Perhaps the Catholic church - or maybe just that diocese - should lose its tax-exempt status.
I wouldn't be against some smackdown for that diocese--though it looks like they're not actually denying communion to anyone; the pastor is just harping on the need for some penance before communion for anyone who voted for Obama. And of course he has no idea who in the parish did vote that way, and no way to enforce penance. So all he can do is stand up there at the altar and bluster and, incidentally, look like an idiot.
It varies like crazy from diocese to diocese. Last Sunday my own pastor started Mass with a rousing "YES WE CAN!" It was his first service in almost a month, after a long stint in the hospital and on bedrest for a massive respiratory infection; the last homily he'd given before getting sick had been all about the Good Samaritan, insiders and outsiders and the majority and the minority and the difference between tolerance and true acceptance, and he'd come just thisclose to out-and-out pleading for us to vote no on 8.

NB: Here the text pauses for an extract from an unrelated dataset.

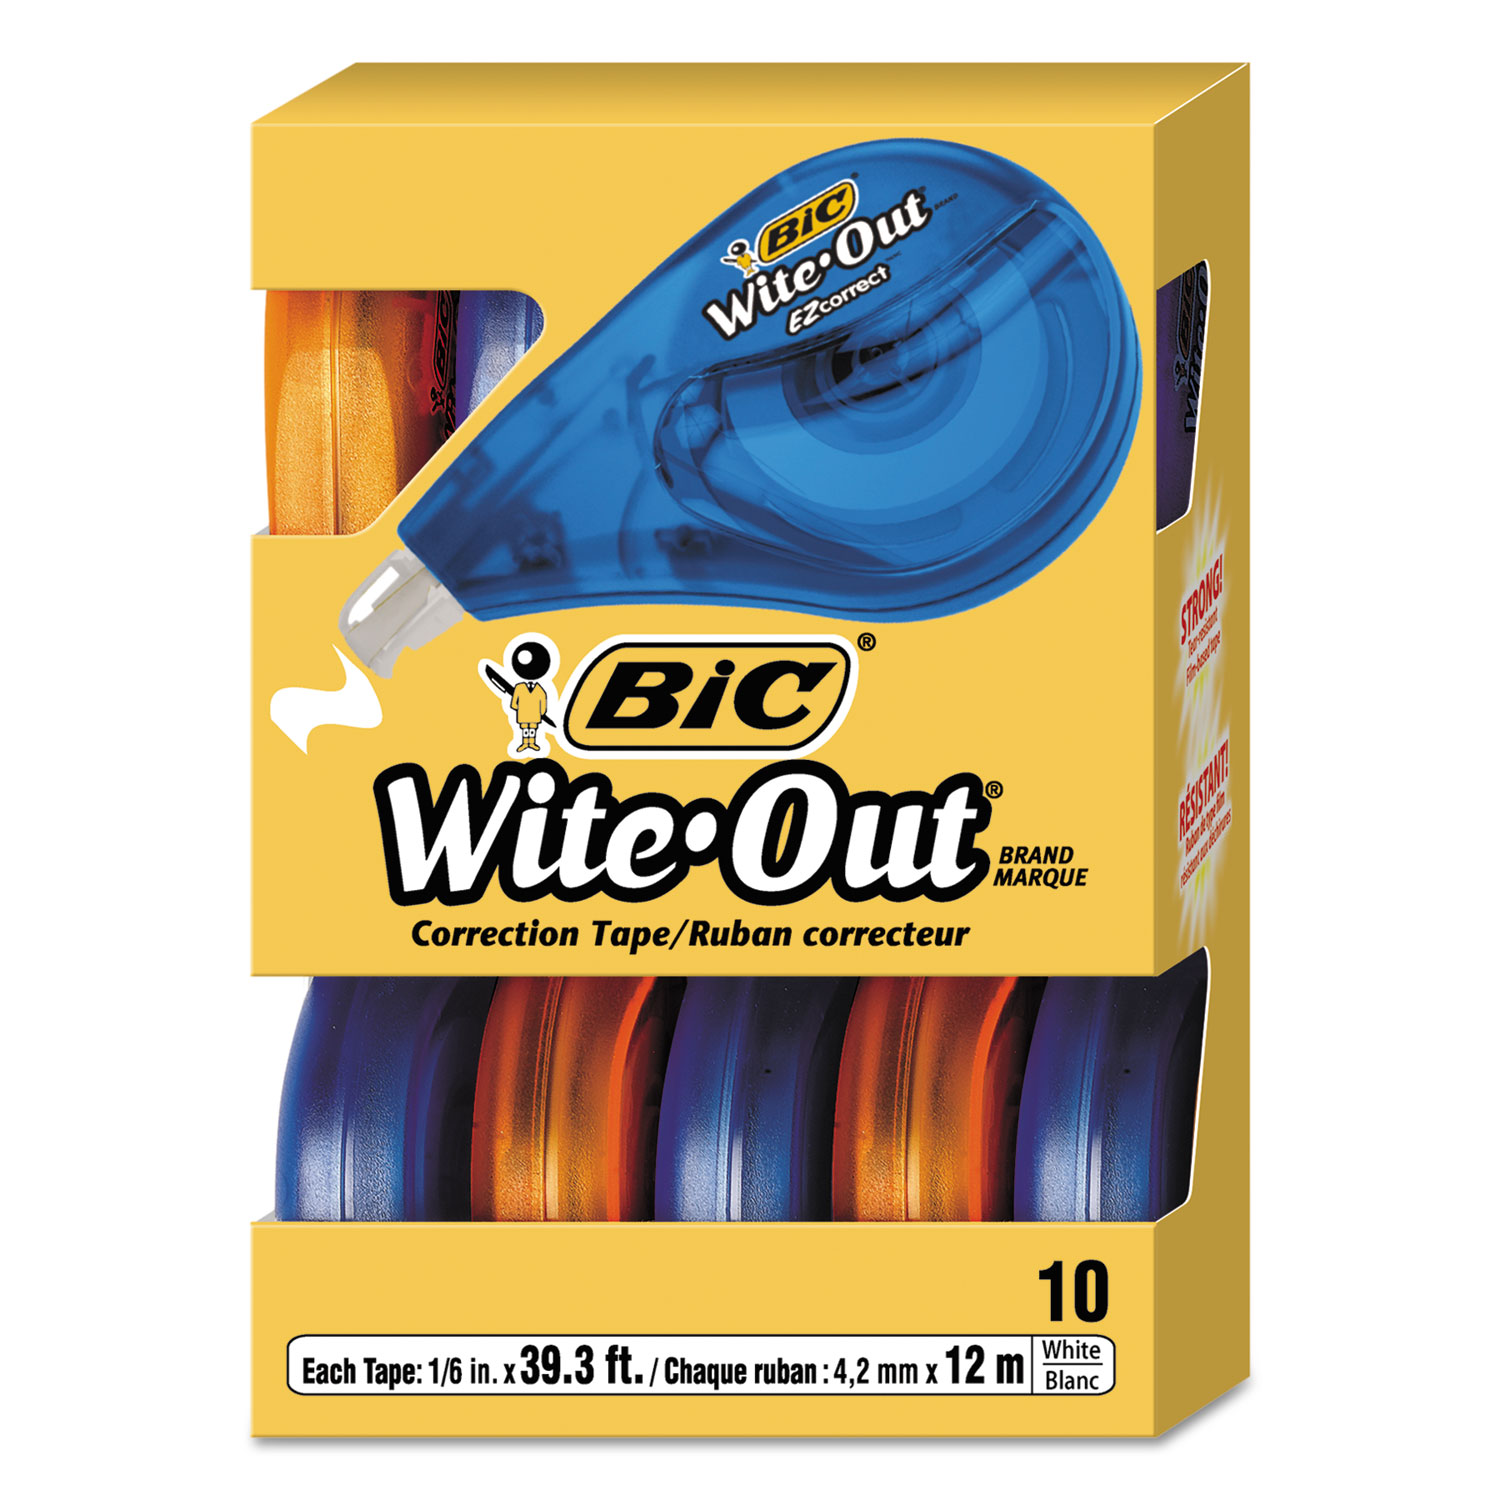  BIC WOTAP10 Wite-Out EZ Correct Correction Tape, Non-Refillable, 1/6 x 472, 10/Box (BICWOTAP10)

And ever since 8 qualified for the ballot letters have poured in to our weekly diocese newsletter by people vigorously opposed to it, none anonymous, all stating their name and parish. Yet, for all his "It is your solemn Christian duty to vote yes on this vital moral issue" bluster, our bishop hasn't dared to sanction, lecture or even say boo to any of his very vocal opponents.
For all the One Unified Catholic Church talk, it's actually (in the US anyway) a complete mishmashy patchwork.